All of this has been swirling through my head as the latest round of "mommy war" attacks and arguments have been circulating. Last year the stir was a study that came out showing the long-term benefits of breastfeeding had been drastically overstated. Most recently has been the discussions about extended breastfeeding and how society views it. Later on, a woman finds herself entrenched in arguments about introducing solid, sleep, transportation (stroller vs. baby wearing) and finally, the mother of all arguments, staying at home vs. working. In every single case, there are advocates on either side, with strong opinions for why their choices and views are correct and should be embraced. All while the other side is not only dead wrong, but is *gasp* harming their child(ren).

The universal thing missing from these arguments is the same acknowledgement that researchers tackling the "nature vs. nurture" question failed to address and finally had to acknowledge: for each issue and topic, there's more to the equation than initially considered. For example, with heritable diseases, geneticists point to examples like Cystic Fibrosis or Sickle Cell anemia for how single mutations can drastically alter protein function and cause disease. Based on these examples, it is easy to assume that genetics is the end all be all of causing disease. Yet we know that simple heritable diseases are rare, with most diseases being influenced by both genetics as well as environmental impacts. Example, we know there's a strong link between cancer survival and socioeconomic status, suggested links between neurodegenerative diseases and ethnicity and even a link between one's mental health and their waistline. Equally talked about is the impact of stress, familial, work and even financial on one's lifespan and mental health. In short, there's a lot more at play with human development and homeostasis and a lot of these issues are one's that reach up to a cultural and global mindset.

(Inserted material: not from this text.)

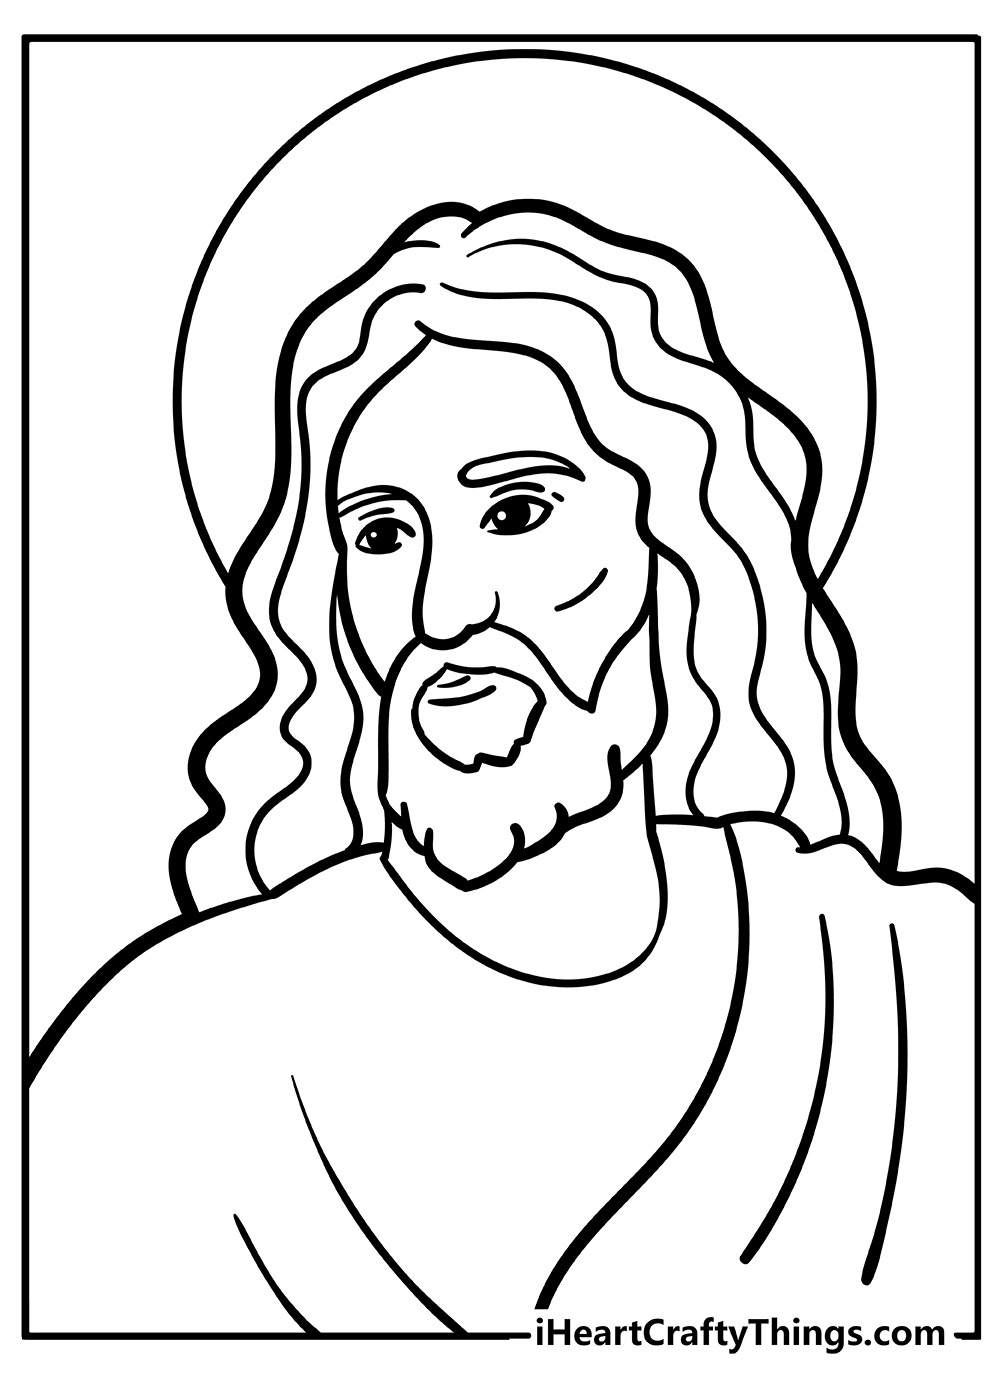 Jesus Coloring Pages free pdf download
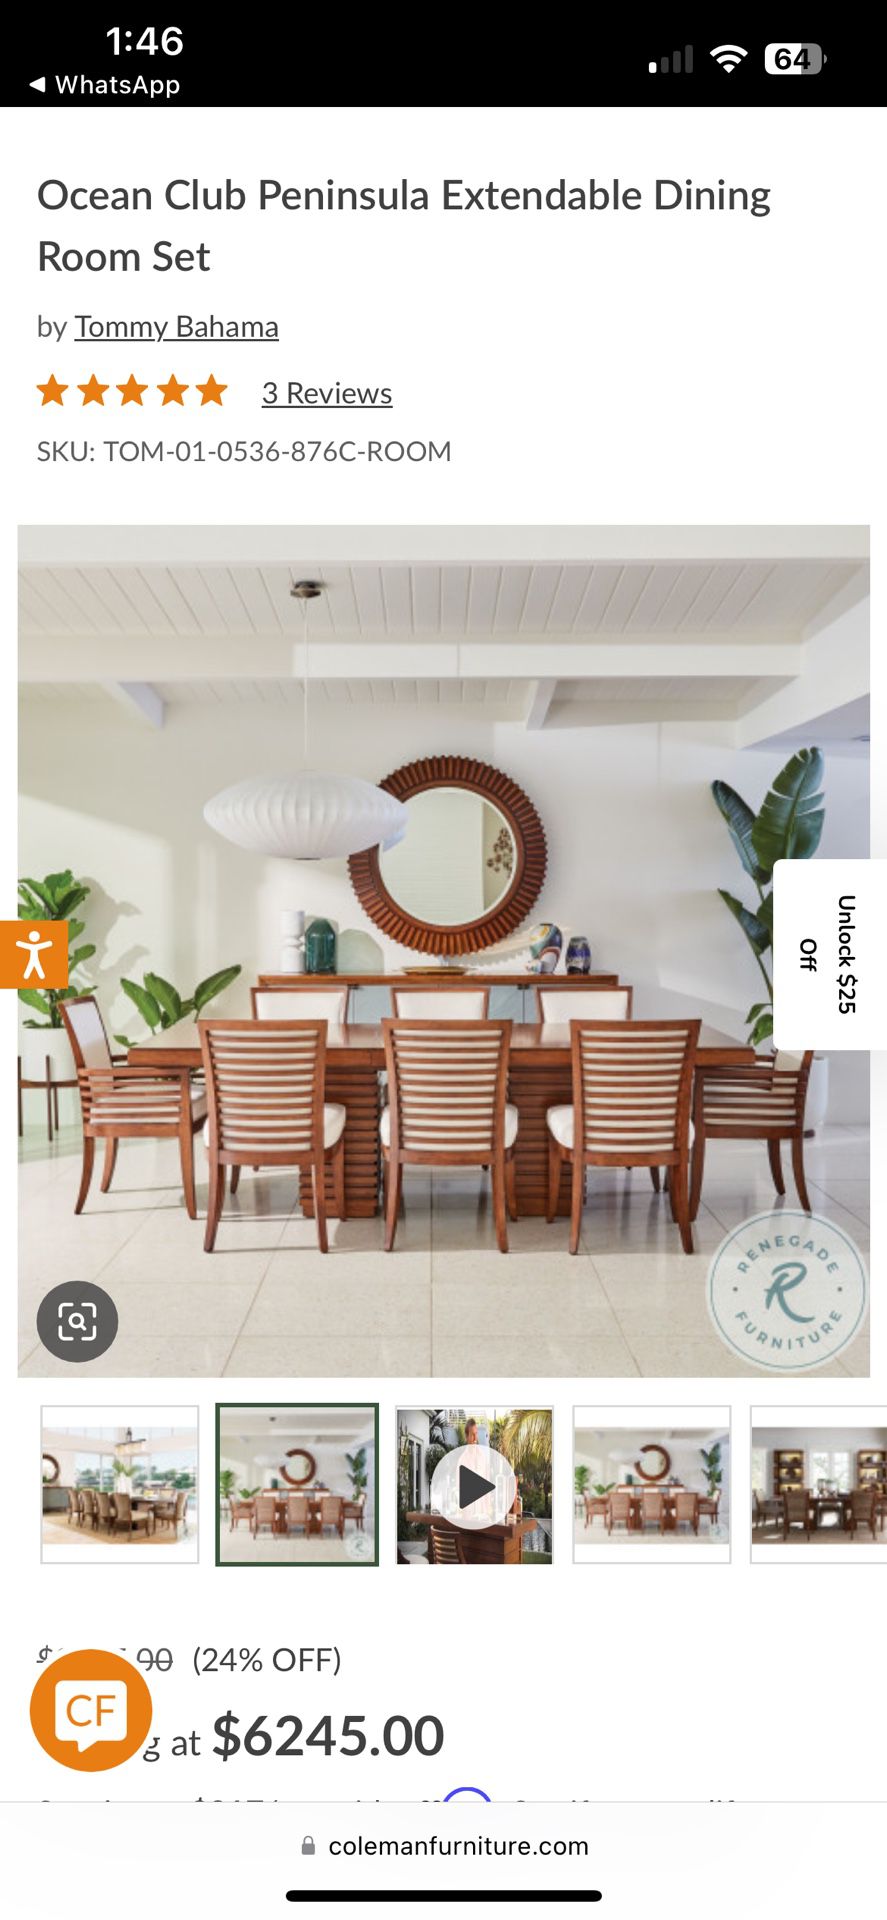 Tommy Bahama Ocean Club Peninsula Extendable Dining Room Set

So why is it, then, that given all this complexity, we still apply simple arguments to the "mommy wars?" Why is it assumed that because something worked for one family in one situation (remember, each child is different), that it would somehow be universally true? Why is it that these debates continue to rage, with people on both sides belittling the other side instead of agreeing to acknowledge that it just might be possible to do things differently without drastic consequence? Yes, there are some things that are crystal clear for causing harm (abuse, neglect, starvation and incest/rape hit this list), but for other things, is it really worth the fight.

One question I asked my students has given me a lot of insight into how drastically different people view the world: " One of the chief arguments of GATTACA is that genetics determines everything about you. In the movie the main character’s family is mostly pictured as holding him back. In this situation how would you, as a parent try to balance between encouraging your child, and giving them a realistic set of expectations?" The answers have ranged and I'm certain would cause some bristling. But given that my students come from diverse backgrounds, with some being first generation students, to older students, to having veteran status to various cultural backgrounds, these answers have been windows into their upbringing and daily challenges. Given that, it's made me reflect more on why I made the decisions for how we brought the Beats into the world, how Grey and I have cared for them and the values we are teaching them. And it's helped affirm that there will never be a "right" answer for any of this as a society, just a "right" answer for our family.